Reference Guide for l2ss-py¶
l2ss-py¶
develop:
.. image:: https://github.com/podaac/l2ss-py/actions/workflows/build-pipeline.yml/badge.svg?branch=develop&event=push
- target
https://github.com/podaac/l2ss-py/actions/workflows/build-pipeline.yml
- alt
Develop Build
main:
.. image:: https://github.com/podaac/l2ss-py/actions/workflows/build-pipeline.yml/badge.svg?branch=main&event=push
- target
https://github.com/podaac/l2ss-py/actions/workflows/build-pipeline.yml
- alt
Main Build
Harmony service for subsetting L2 data. l2ss-py supports:
Spatial subsetting
Bounding box
Shapefile subsetting
GeoJSON subsetting
Temporal subsetting
Variable subsetting
If you would like to contribute to l2ss-py, refer to the contribution document.
How to test l2ss-py locally¶
Unit tests¶
There are comprehensive unit tests for l2ss-py. The tests can be run as follows:
poetry run pytest -m "not aws and not integration" tests/
You can generate coverage reports as follows:
poetry run pytest --junitxml=build/reports/pytest.xml --cov=podaac/ --cov-report=html -m "not aws and not integration" tests/
l2ss-py script¶
You can run l2ss-py on a single granule without using Harmony. In order to run this, the l2ss-py package must be installed in your current Python interpreter
$ l2ss-py --help
usage: run_subsetter.py [-h] [--bbox BBOX BBOX BBOX BBOX]
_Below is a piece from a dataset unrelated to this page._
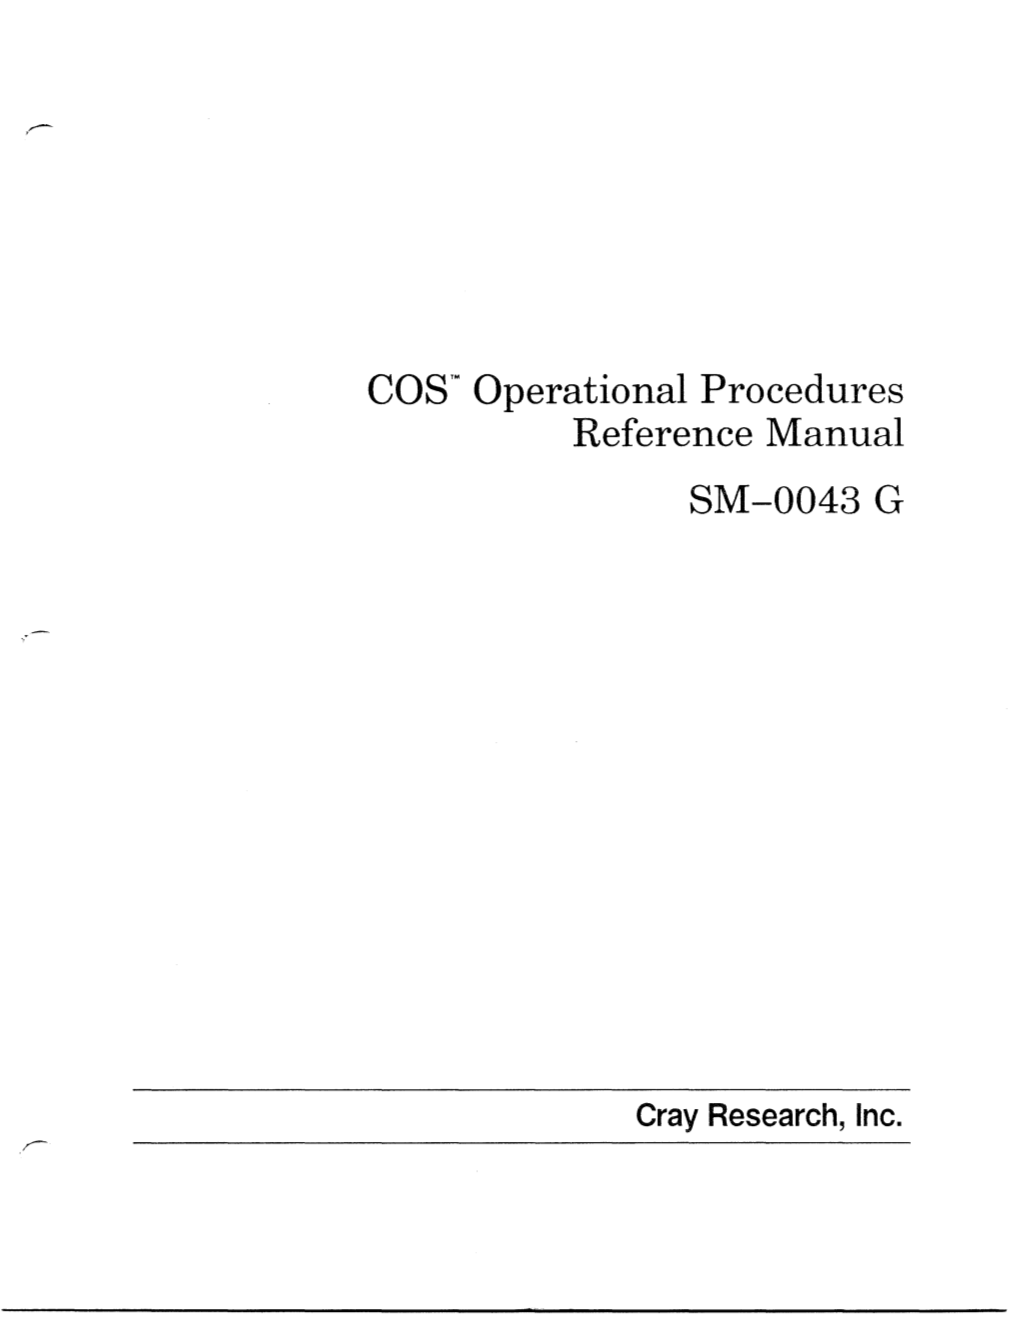 COS'· Operational Procedures Reference Manual SM-0043 G

[--variables VARIABLES [VARIABLES ...]]
[--min-time MIN_TIME] [--max-time MAX_TIME] [--cut]
input_file output_file
Run l2ss-py
positional arguments:
input_file File to subset
output_file Output file
optional arguments:
-h, --help show this help message and exit
--bbox BBOX BBOX BBOX BBOX
Bounding box in the form min_lon min_lat max_lon
max_lat
--variables VARIABLES [VARIABLES ...]
Variables, only include if variable subset is desired.
Should be a space separated list of variable names
e.g. sst wind_dir sst_error ...
--min-time MIN_TIME Min time. Should be ISO-8601 format. Only include if
temporal subset is desired.
--max-time MAX_TIME Max time. Should be ISO-8601 format. Only include if
temporal subset is desired.
--cut If provided, scanline will be cut
--shapefile SHAPEFILE
Path to either shapefile or geojson file used to subset the provided input granule
For example:
l2ss-py /path/to/input.nc /path/to/output.nc --bbox -50 -10 50 10 --variables wind_speed wind_dir ice_age time --min-time '2015-07-02T09:00:00' --max-time '2015-07-02T10:00:00' --cut
An addition to providing a bounding box, spatial subsetting can be achieved by passing in a shapefile or a geojson file.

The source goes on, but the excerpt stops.